By the time he retired in 1993, Colin Powell was arguably the greatest military rock star in American history since General Douglas MacArthur – but without the controversy. Powell’s reputation was sterling, his resume impeccable, his years of service and sacrifice to his country unparalleled by any general in the modern era.

When I finished the last page (after voraciously tearing through the book), it felt like I had even more respect for him than before. In some ways, it was like an American general’s Long Walk to Freedom.

And then February 5, 2003 happened. Powell took George W. Bush’s (i.e. Messrs. Cheney, Rumsfeld and Wolfowitz) case to sell the UN Security Council on the “evidence” that Iraq had biological weapons and had the “capability to rapidly produce more, many more.”

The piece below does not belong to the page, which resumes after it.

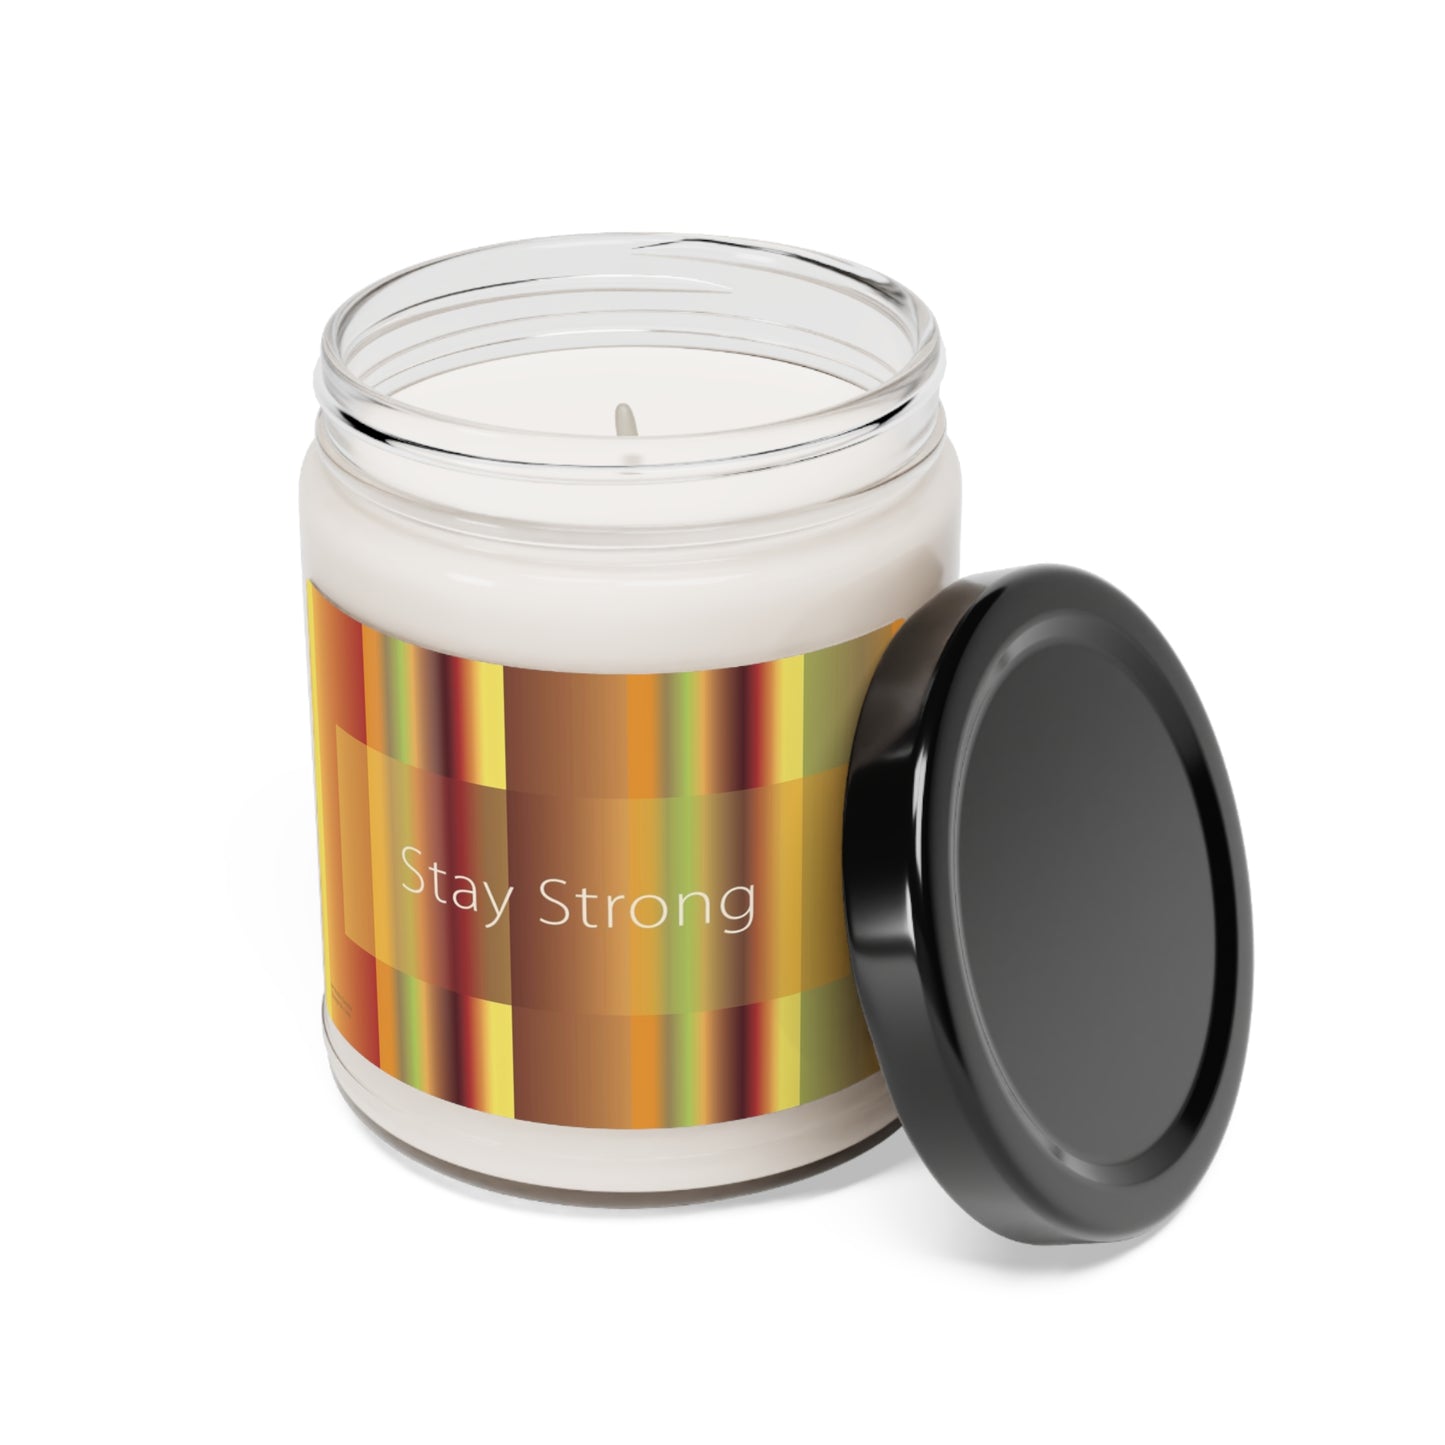 Scented Soy Candle, 9oz Stay Strong - Design No.1200

Everyone knew it was bullshit. What confounded pundits – almost like a star falling from the sky – was that it seemed as if you were watching a superhero succumb to the Dark Side. Except this wasn’t a movie. The U.S. was still thirsty for blood after 9/11 and you just knew this was going to turn into a blood bath.

Later, Powell would disclose in an interview that it was a “blot” on his service record and that “It will always be a part of my record. It was painful. It’s painful now.”

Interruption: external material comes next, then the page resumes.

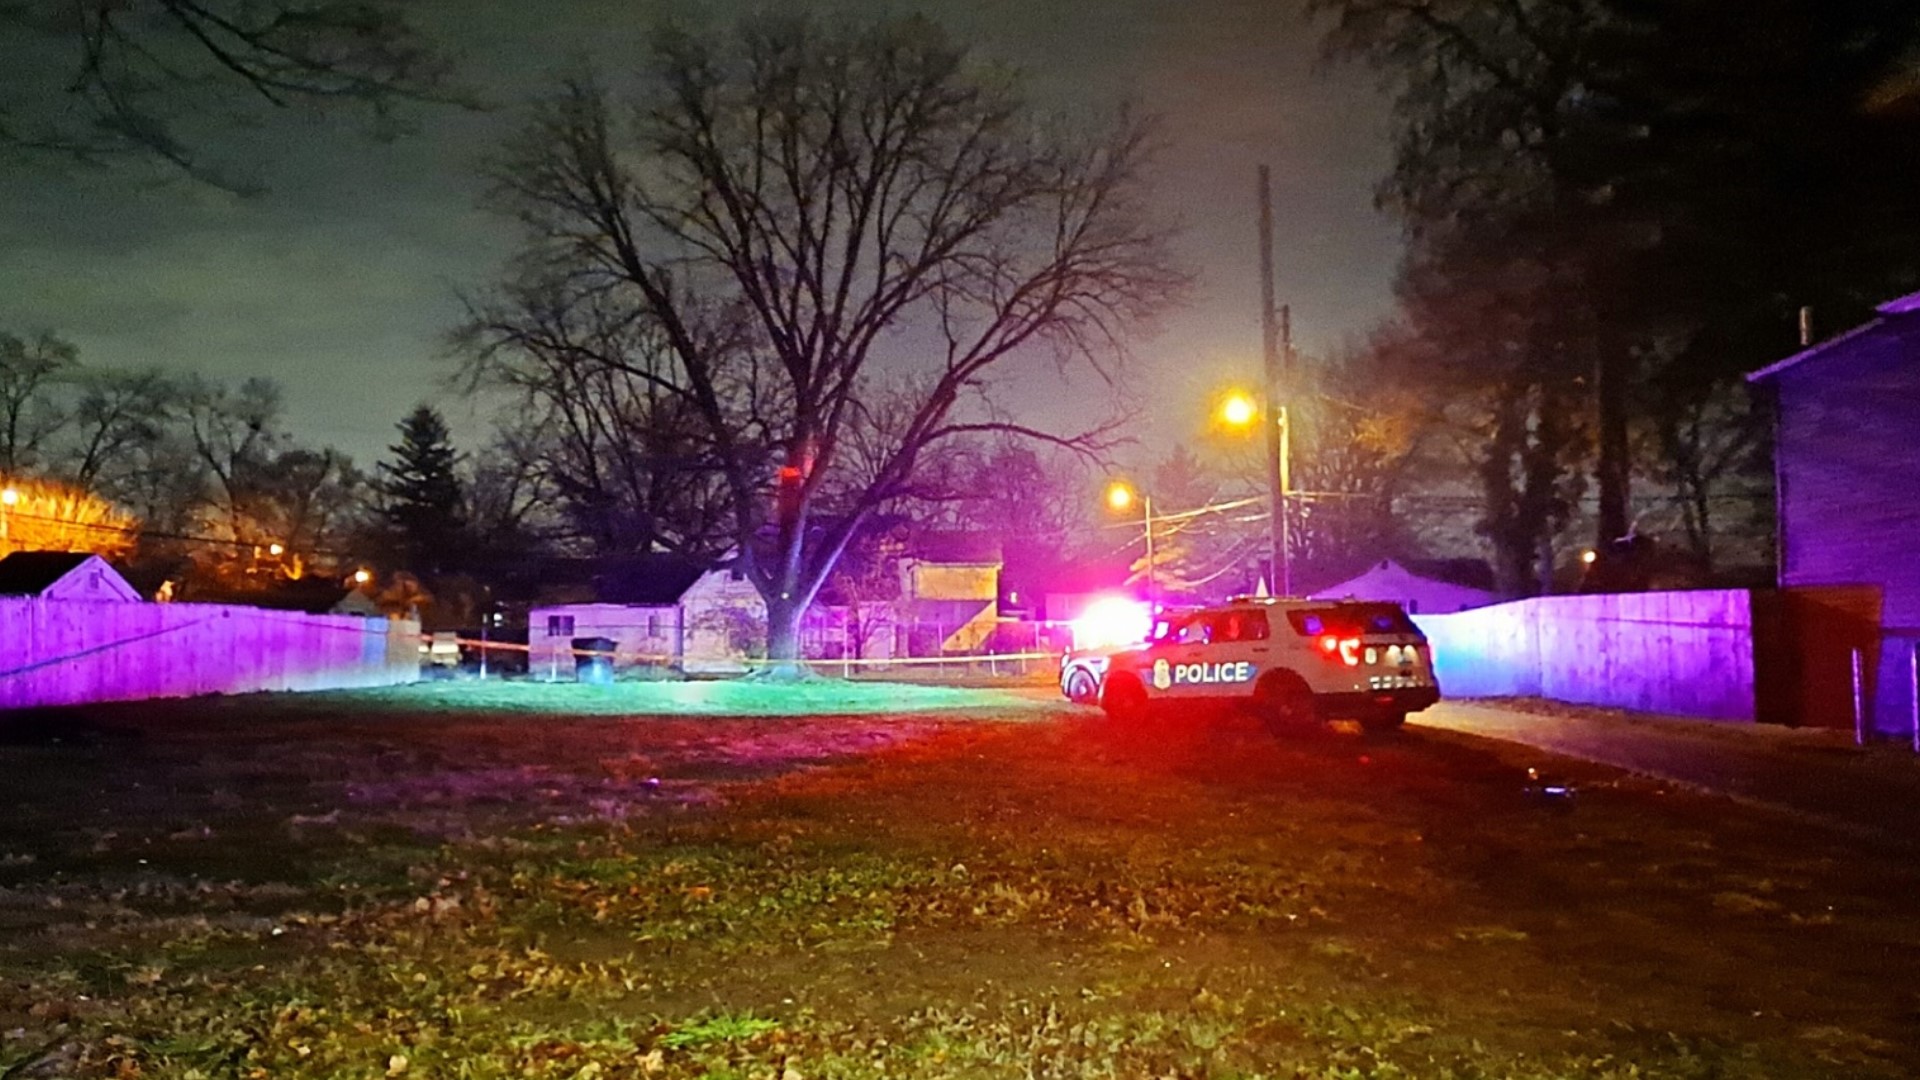 The shooting happened just after 2:20 a.m. at South Highland Avenue and Sheridan Street, according to Columbus police.

But this blog is  (mostly) about books and literature, so let me finally get to my point. In reviewing some of my notes from My American Journey earlier today, something struck me, forcing me to read and reread this passage and wonder if this was not presaging the rise of today’s Trump Doctrine.

Per Mr. Powell:

Release facts slowly, behind  the pace at which they are already leaking out to the public. Don’t tell the whole story until forced to do so. Emphasize what went well, and euphemize what went wrong. Become indignant at any suggestion of poor judgement or mistakes. Disparage any facts other than your own. Accuse critics of Monday-morning generalship. Finally, accept general responsibility at the top, thus clearing everybody at fault below.”

What haunts me most about this passage is that he inadvertently set the table for Kellyanne Conway’s now infamous “alternative facts” comment, yet ends it with a true Powellism: If you drop the ball, don’t blame the quarterback.

Although Mr. Powell’s speech to the UN in 2003 will never be forgotten by students of history, it should not serve as a blemish on his remarkable career and his selfless service to his country. He’s just proof that in a politically charged climate, even the best of us can make mistakes.